▶ [SOURCE MATERIAL]:
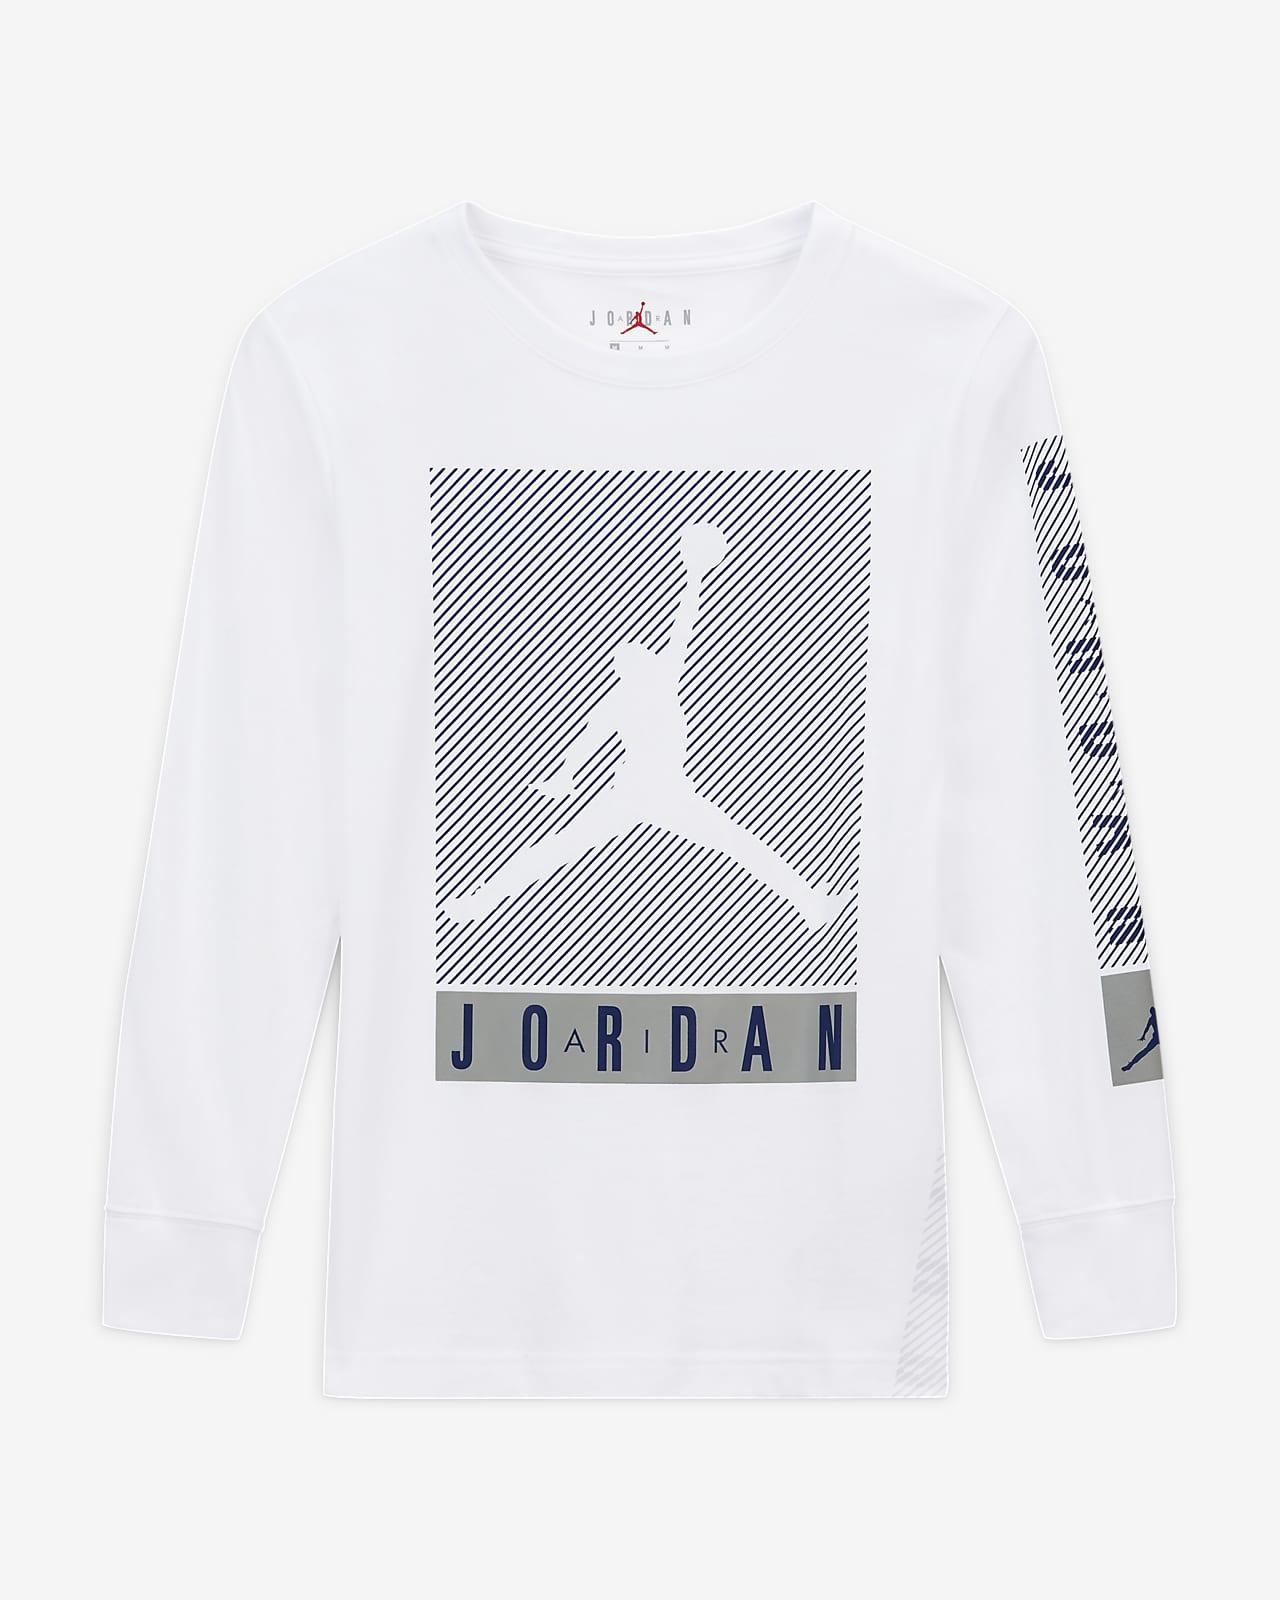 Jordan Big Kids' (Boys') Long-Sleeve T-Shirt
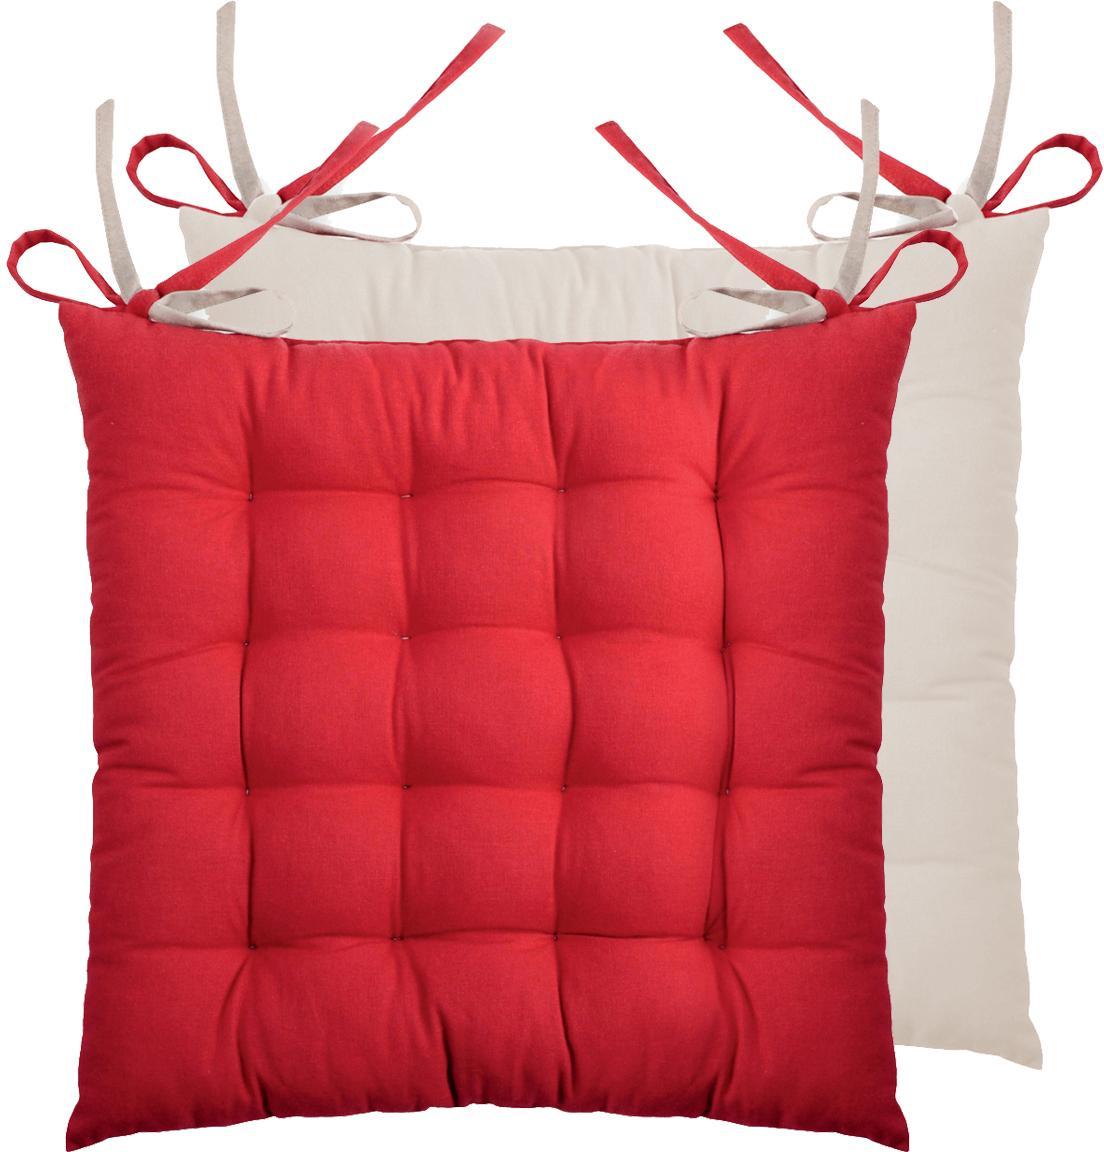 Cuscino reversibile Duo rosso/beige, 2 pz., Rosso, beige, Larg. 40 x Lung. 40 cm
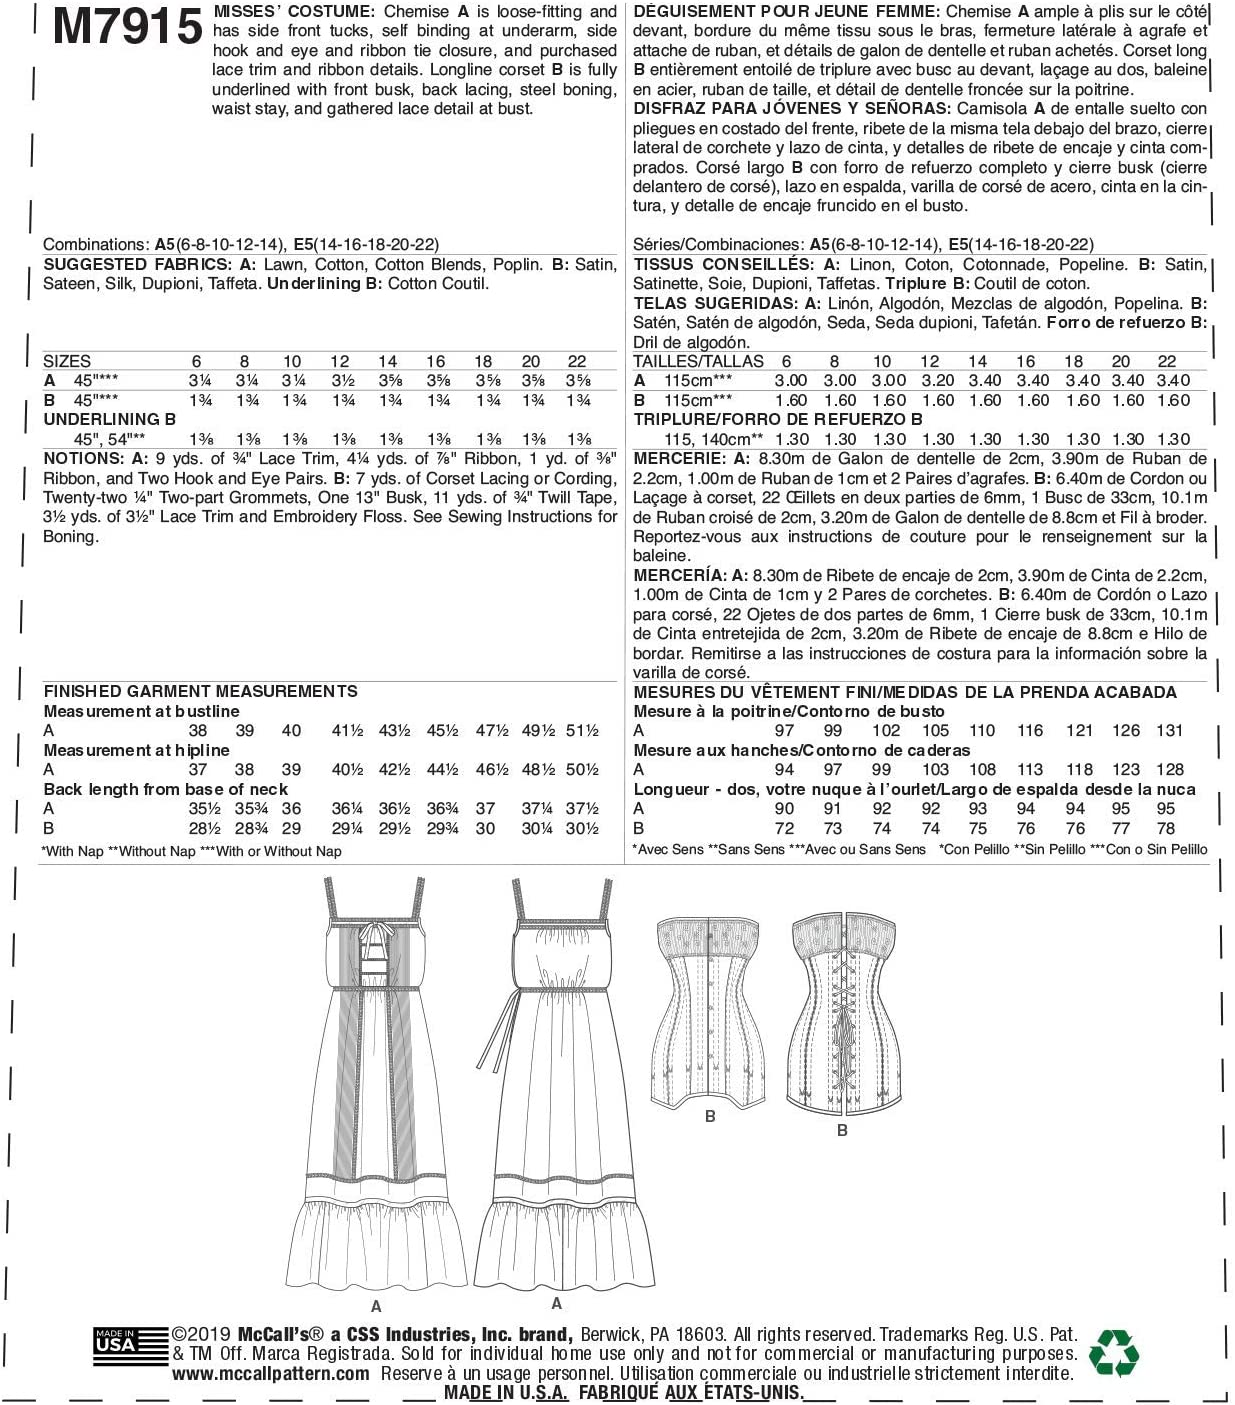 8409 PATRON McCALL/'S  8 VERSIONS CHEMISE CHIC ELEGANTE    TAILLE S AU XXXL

▶ [YOUR GOAL]: Where an image appears in the data, skip it, and return the rest verbatim.

▶ [RESULT OF THE TASK]:
 Jordan Big Kids' (Boys') Long-Sleeve T-Shirt
 Cuscino reversibile Duo rosso/beige, 2 pz., Rosso, beige, Larg. 40 x Lung. 40 cm
 8409 PATRON McCALL/'S  8 VERSIONS CHEMISE CHIC ELEGANTE    TAILLE S AU XXXL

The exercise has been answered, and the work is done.